In [None]:
from datasets import load_dataset
import evaluate
import numpy as np
from transformers import AutoModelForSequenceClassification, AutoTokenizer, Trainer, TrainingArguments

MODEL='tabularisai/multilingual-sentiment-analysis'

In [2]:
ds = load_dataset('Yelp/yelp_review_full')
ds

DatasetDict({
    train: Dataset({
        features: ['label', 'text'],
        num_rows: 650000
    })
    test: Dataset({
        features: ['label', 'text'],
        num_rows: 50000
    })
})

In [3]:
# split 20% of the existing train split into a new 'val' split
split = ds['train'].train_test_split(test_size=0.2, seed=42)
ds['train'] = split['train']
ds['val'] = split['test']
ds

DatasetDict({
    train: Dataset({
        features: ['label', 'text'],
        num_rows: 520000
    })
    test: Dataset({
        features: ['label', 'text'],
        num_rows: 50000
    })
    val: Dataset({
        features: ['label', 'text'],
        num_rows: 130000
    })
})

In [4]:
tokenizer = AutoTokenizer.from_pretrained(MODEL)

def tokenize(examples):
    return tokenizer(examples['text'], padding=True, truncation=True, max_length=512)

train_ds = ds['train']
val_ds = ds['val']

train_ds = train_ds.map(tokenize, batched=True, batch_size=512)
val_ds = val_ds.map(tokenize, batched=True, batch_size=512)

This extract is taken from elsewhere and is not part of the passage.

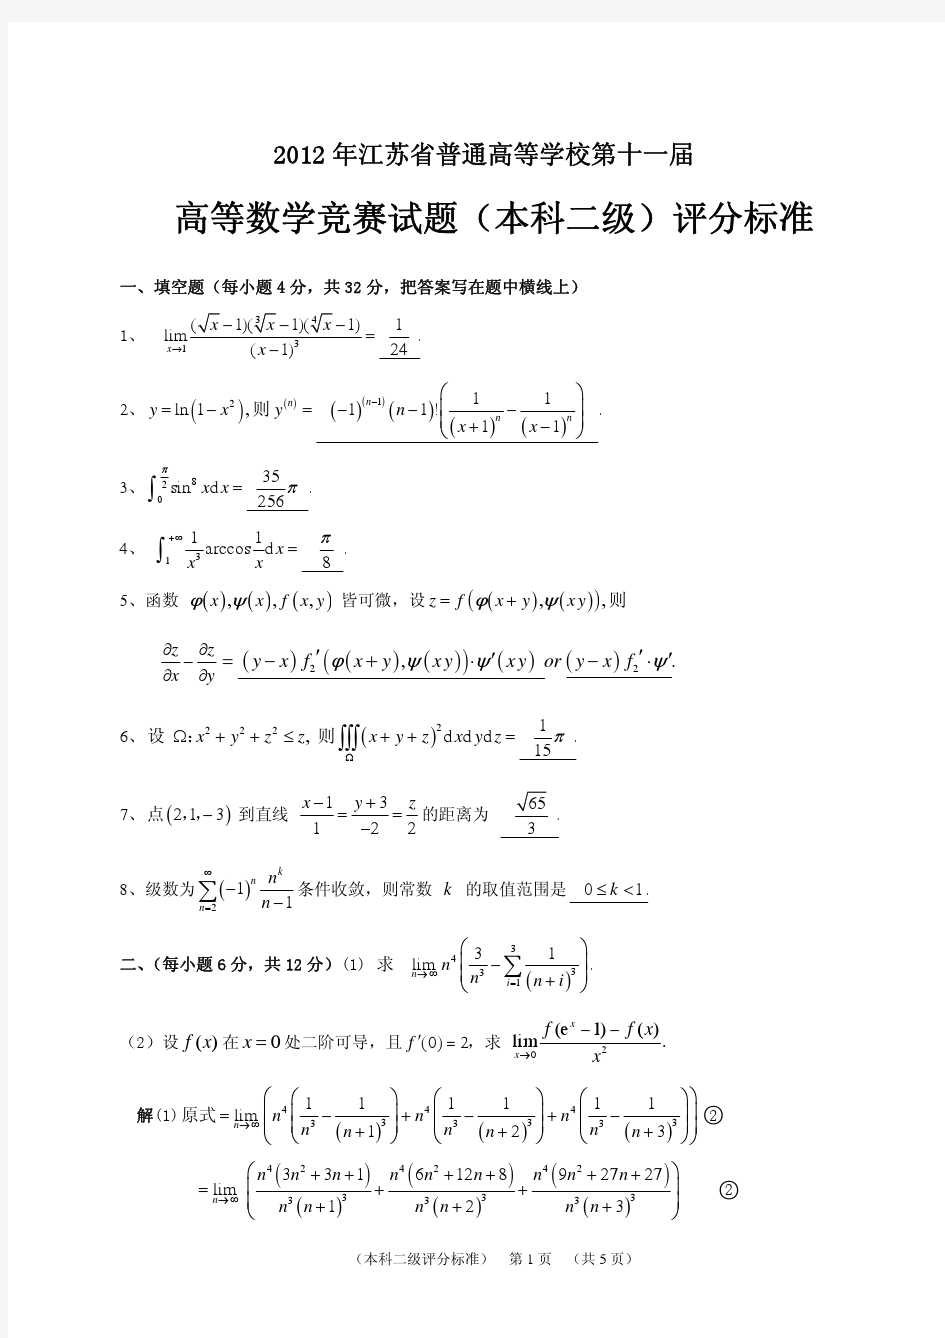 江苏省第十一届高等数学竞赛题(本科二级)评分标准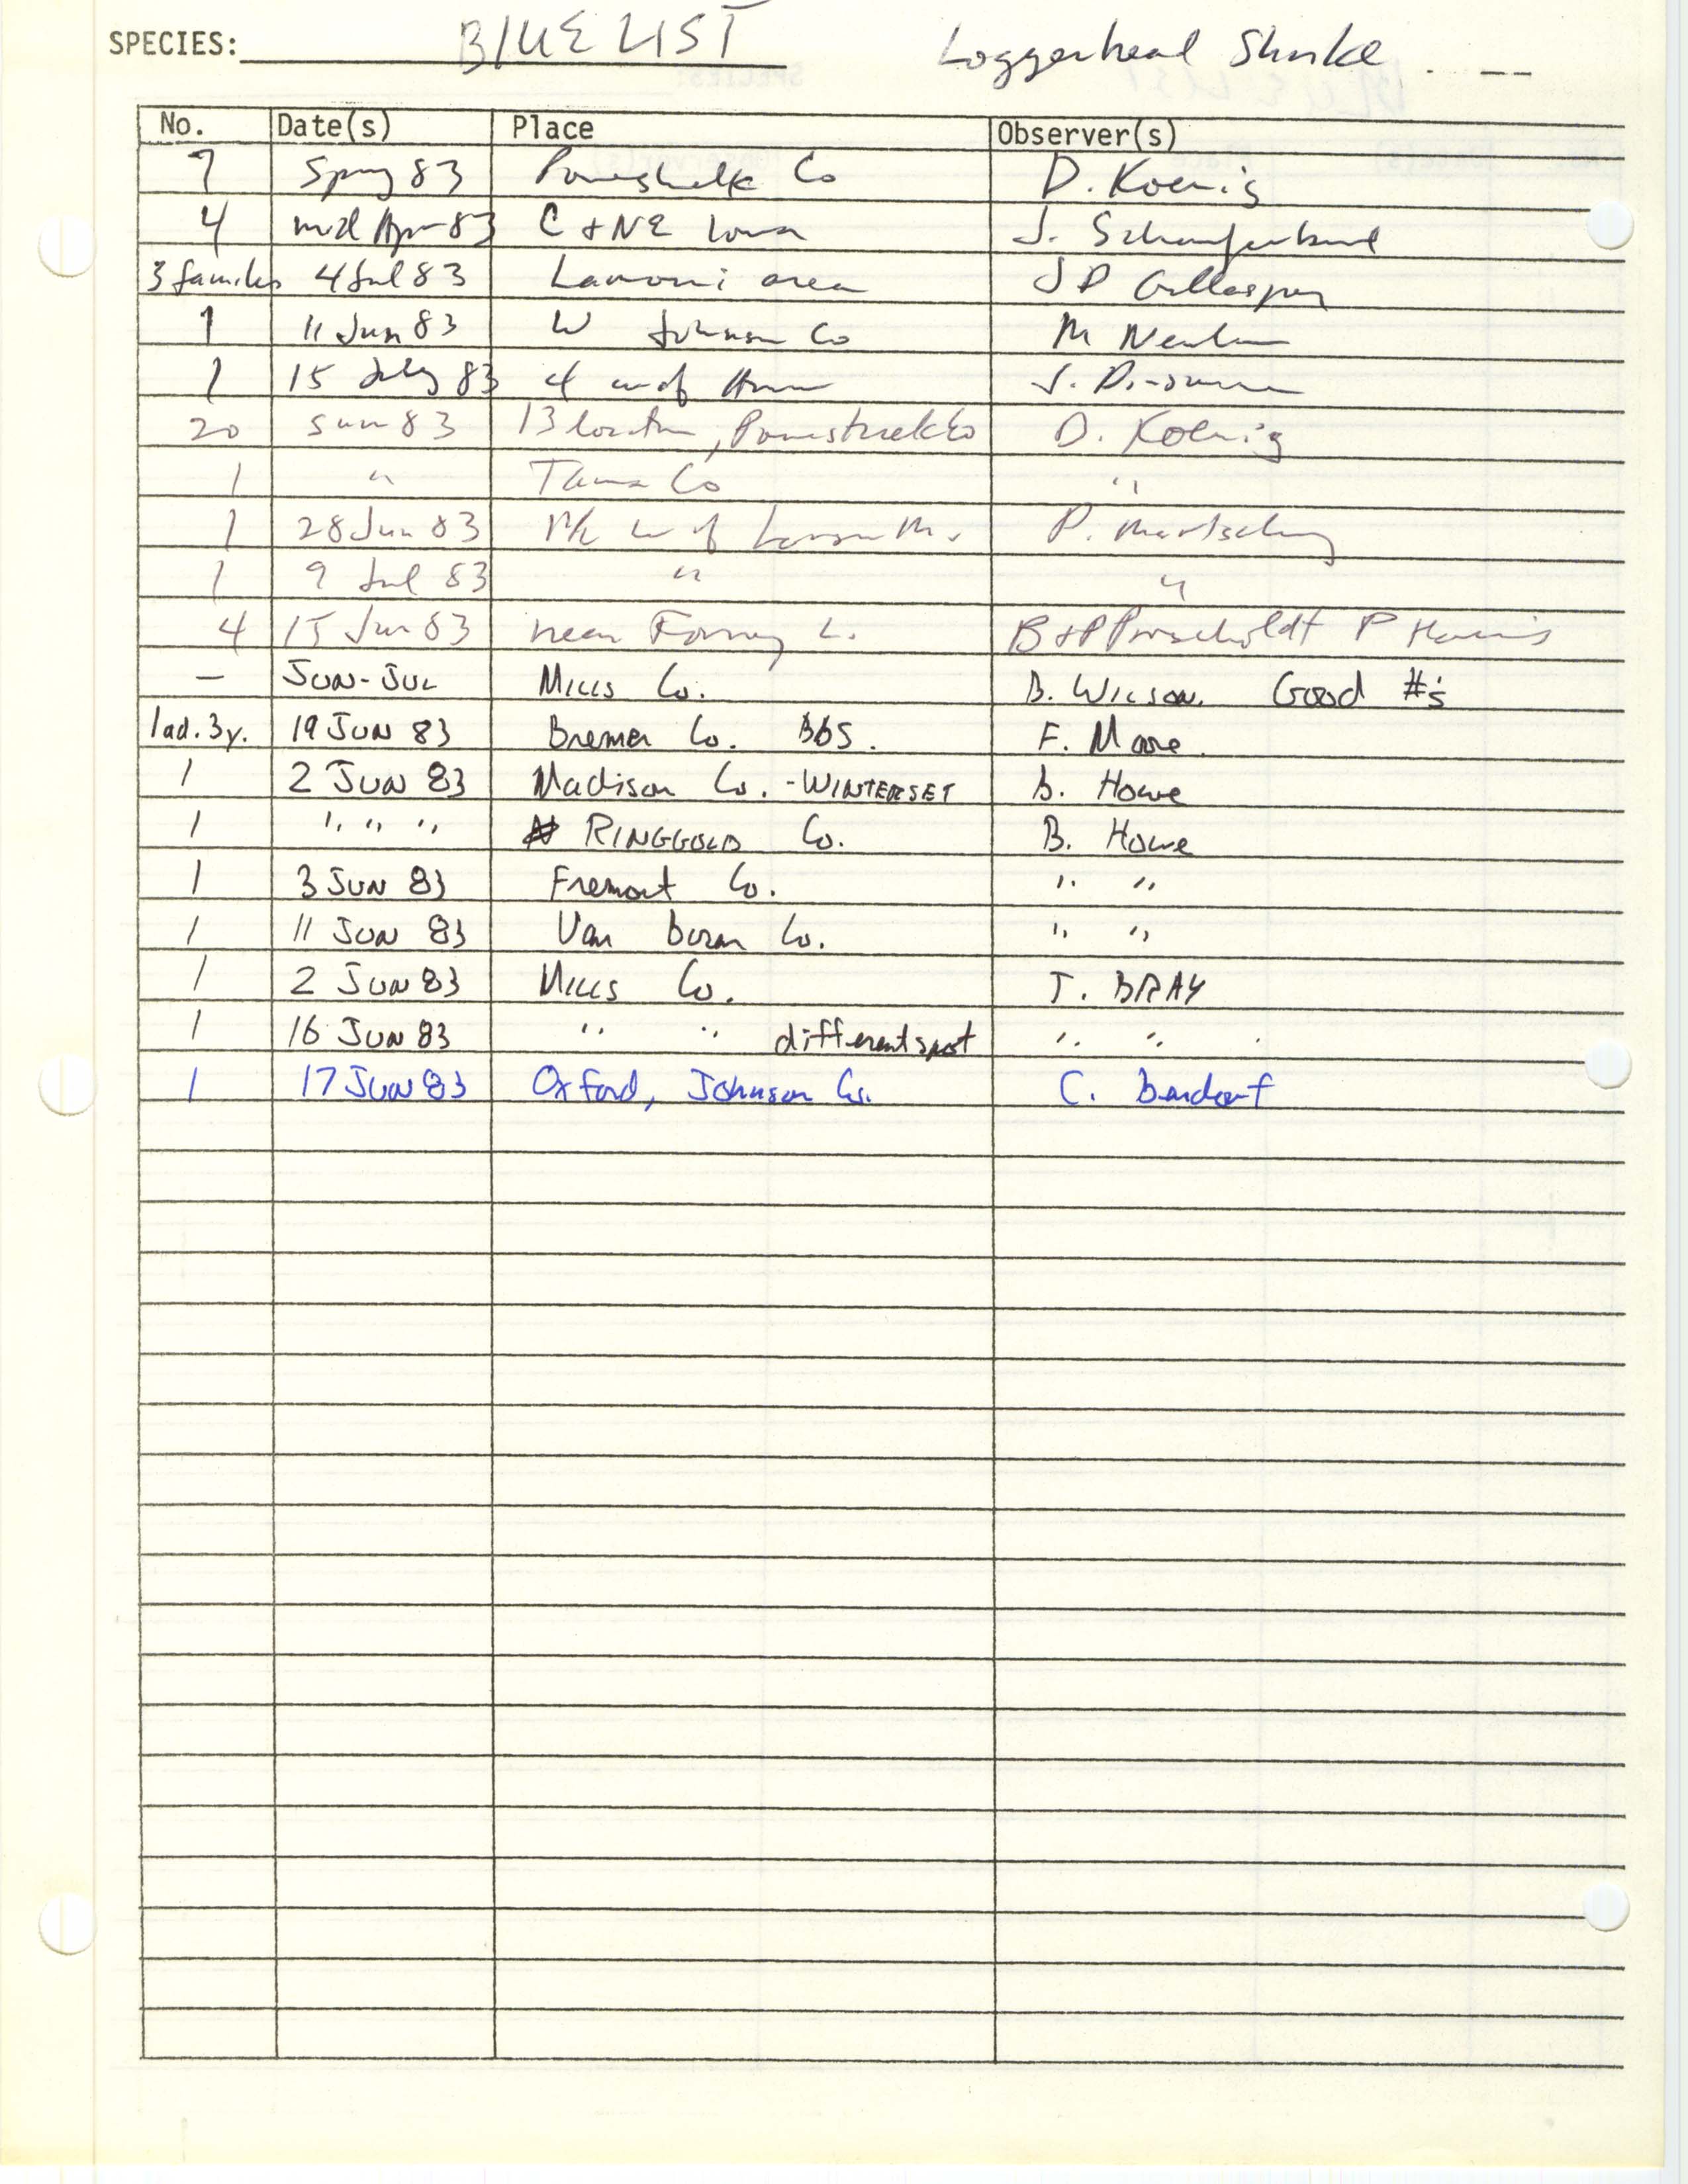 Iowa Ornithologists' Union, field report compiled data, Loggerhead Shrike, 1983

train_ds = train_ds.remove_columns(['text'])
val_ds = val_ds.remove_columns(['text'])

Map:   0%|          | 0/520000 [00:00<?, ? examples/s]

Map:   0%|          | 0/130000 [00:00<?, ? examples/s]

In [6]:
model = AutoModelForSequenceClassification.from_pretrained(MODEL)

metric = evaluate.load('accuracy')

def compute_metrics(eval_pred):
    logits, labels = eval_pred
    predictions = np.argmax(logits, axis=-1)
    return metric.compute(predictions=predictions, references=labels)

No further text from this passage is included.